Oh, yeah... You'll have so much fun; but, if you get caught; ask your face to be distorted, because, there's a 60% chance you'll end up on YouTube... Let me know where to find the video, OK?


----------



## niss (Apr 25, 2010)

Snow Leopard said:


> There is a small window of opportunity when you can run from the cops (for a minor traffic offence) and get away with it, but you have to be on it straight away. Basically they have to be held up in some way (eg giving way to traffic) and the driver has to get out of the car (in a populated area) without them seeing.
> 
> If they are already tailing you, then you have no chance.
> 
> And that is all I'm going to say on this matter. :wink:


It also helps to have a bit of a daredevil streak in you, and to be driving a really fast car.


----------



## Stelmaria (Sep 30, 2011)

niss said:


> It also helps to have a bit of a daredevil streak in you, and to be driving a really fast car.


The problem is that cops here are decked out with fancy electronic gear, everything is recorded. If you out ran them, you'd have to dump your car and you'd have to fake that your car was stolen. (and that is pretty hard to do unless you are a car thief yourself).


----------



## niss (Apr 25, 2010)

Snow Leopard said:


> The problem is that cops here are decked out with fancy electronic gear, everything is recorded. If you out ran them, you'd have to dump your car and you'd have to fake that your car was stolen. (and that is pretty hard to do unless you are a car thief yourself).

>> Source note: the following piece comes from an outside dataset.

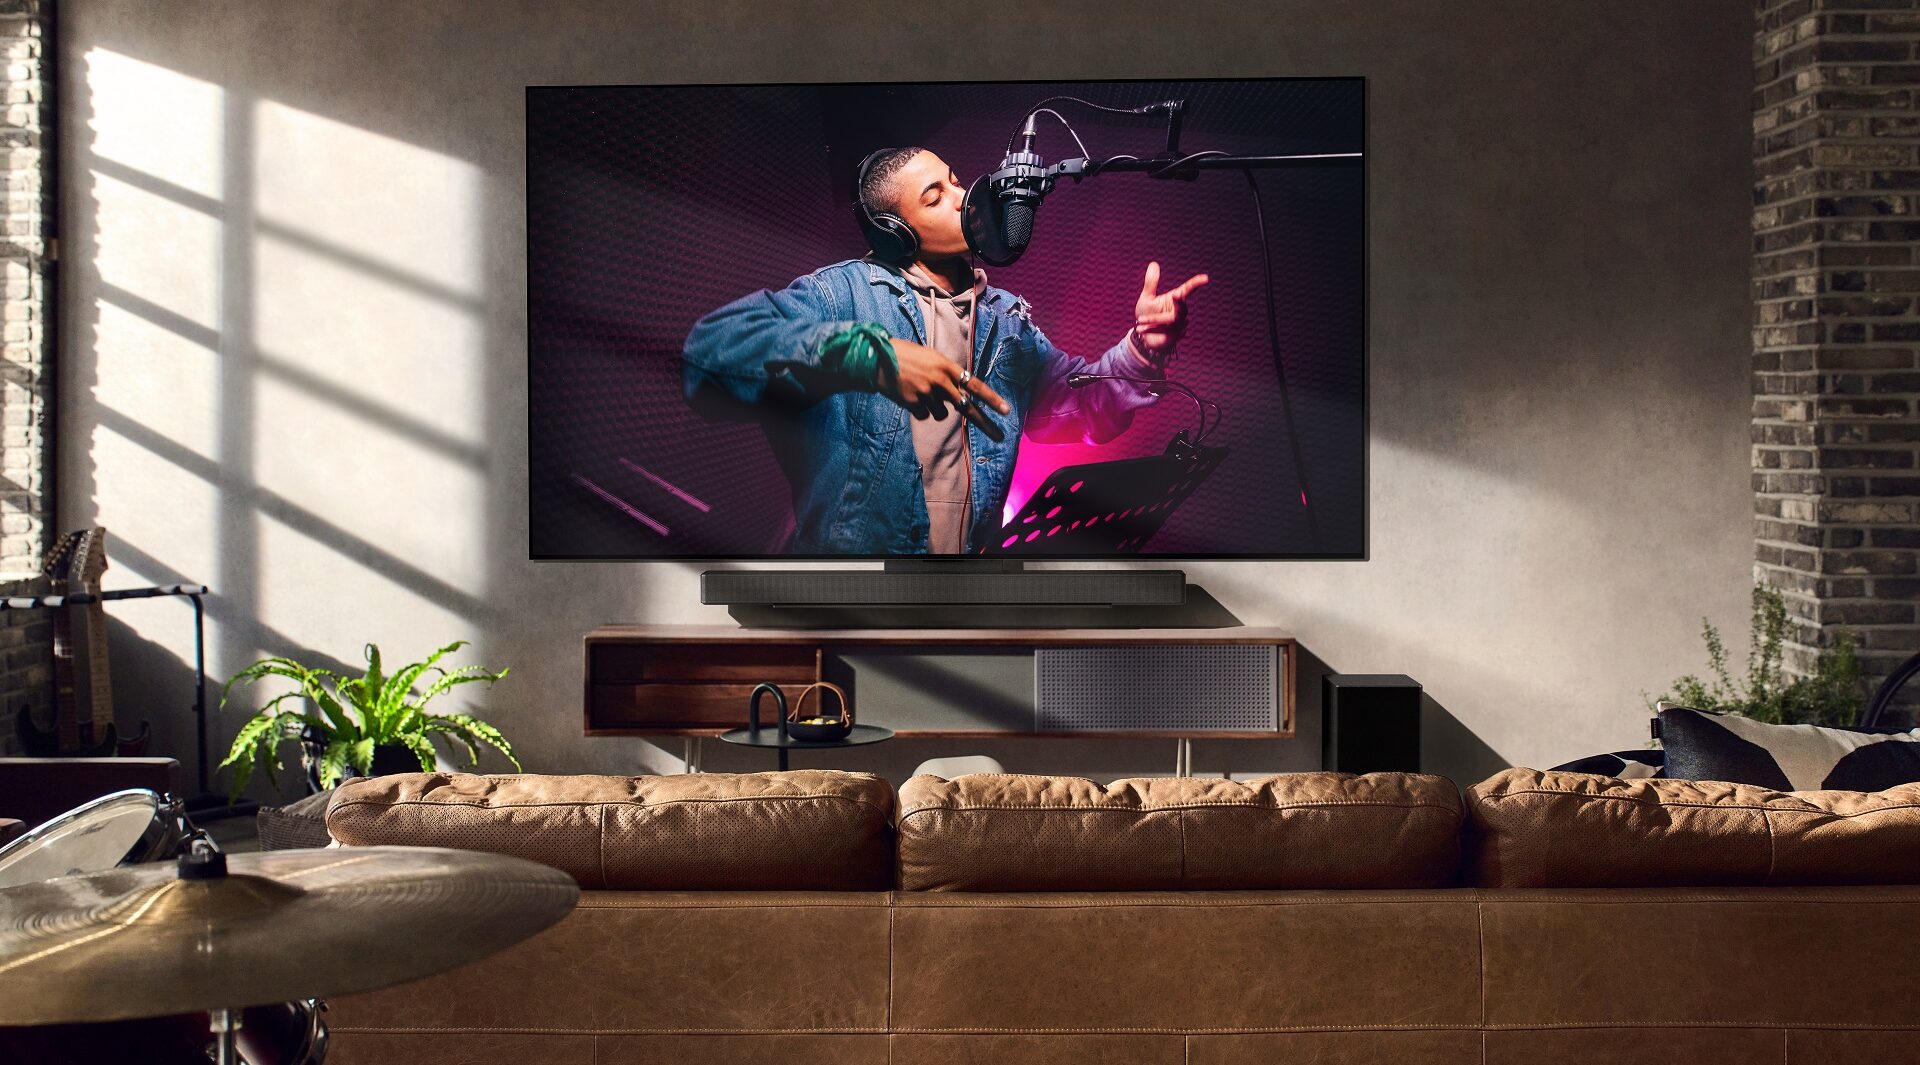 LG oznámilo uvedení nových OLED televizorů na český trh

Of course there are limitations, and technology has improved, but it still happens...even today.


----------



## PowerShell (Feb 3, 2013)

niss said:


> Of course there are limitations, and technology has improved, but it still happens...even today.

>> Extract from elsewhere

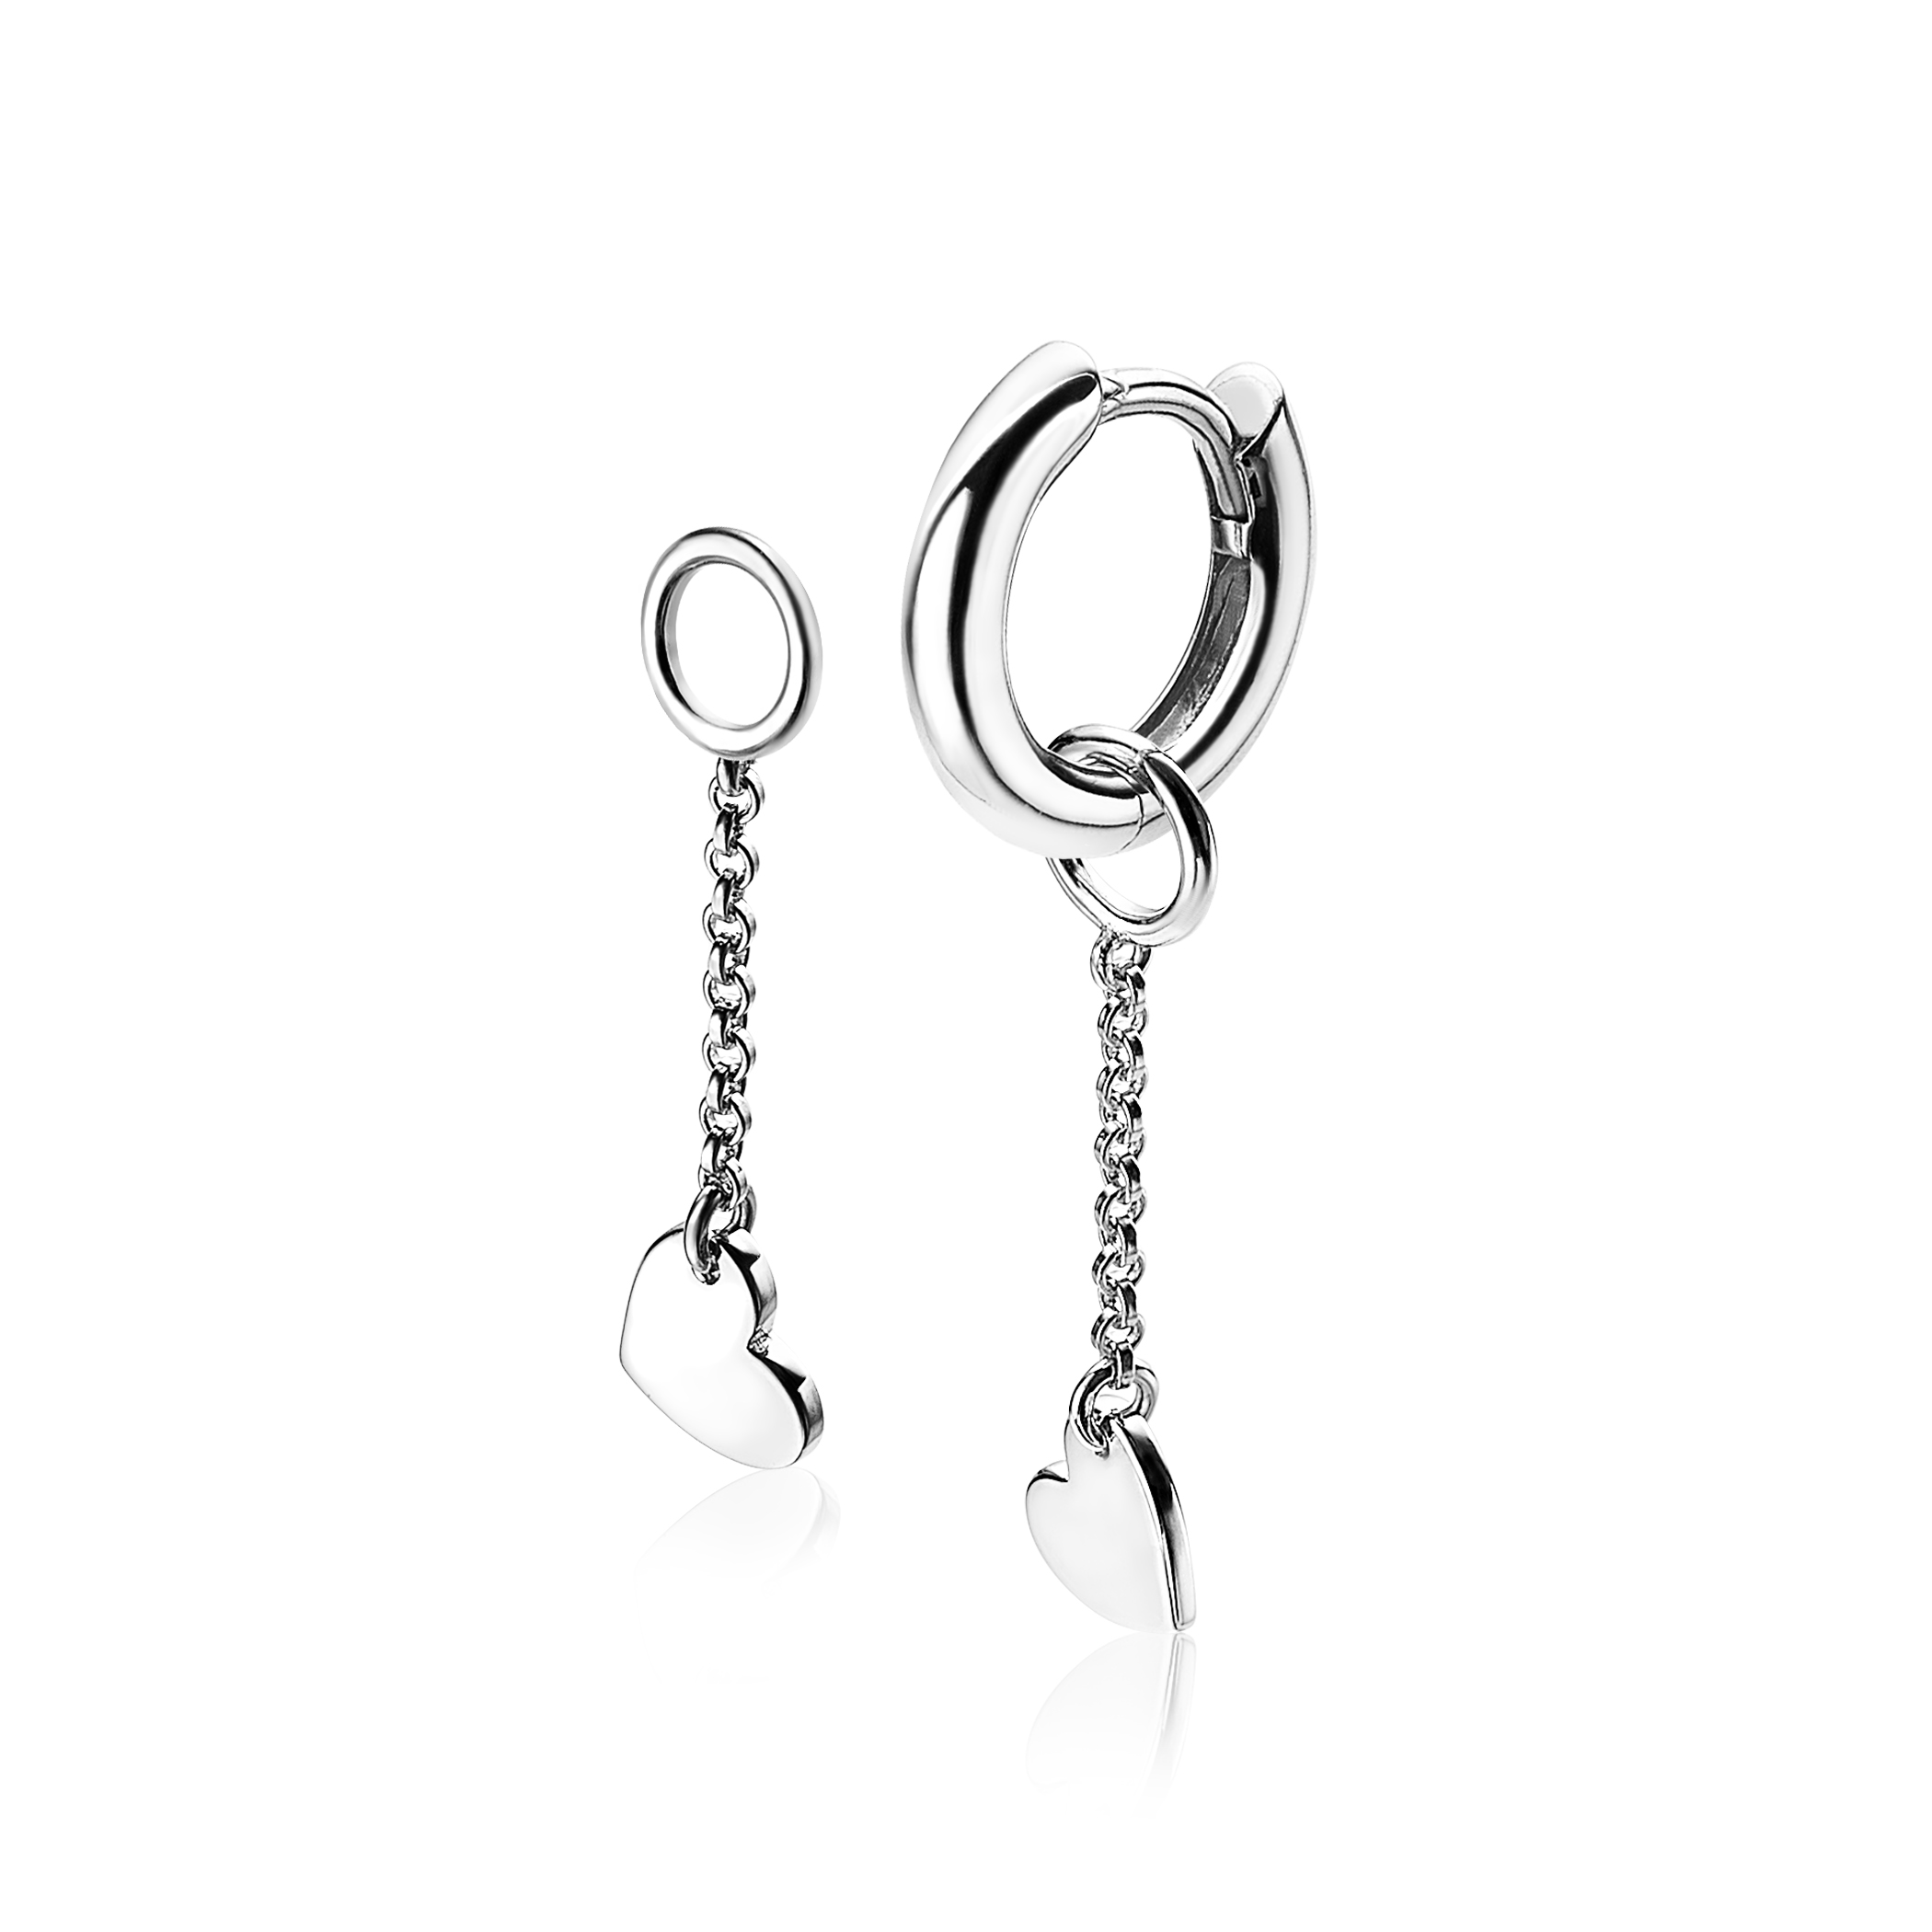 ZINZI Sterling Silver Earrings Pendants Heart ZICH1690 (excl. hoop earrings)

The main thing is having a fast car that can also accelerate very fast since the cops' cars are usually pretty quick to get up to speed. Also knowing the area well and knowing where to turn off and hide helps.


----------



## GoosePeelings (Nov 10, 2013)

"outrun the cops in a car" means outrunning the cops while driving a car. That the one who outruns them drives the car. I'm sorry for being a Grammar Nazi.


----------



## WickerDeer (Aug 1, 2012)

Not in a car. What if you hit someone or caused an accident?


----------



## Damagedfinger (Oct 27, 2013)

Okay, let's see hmmmm... driving a car on a high speed while annoying police alarms are behind you... sounds fun.

5 min later.

Caught.

Well if you compare them you can obviously see that when you get caught the fun just drowns... useless fun. If only you stayed at home playing chess... idiot head.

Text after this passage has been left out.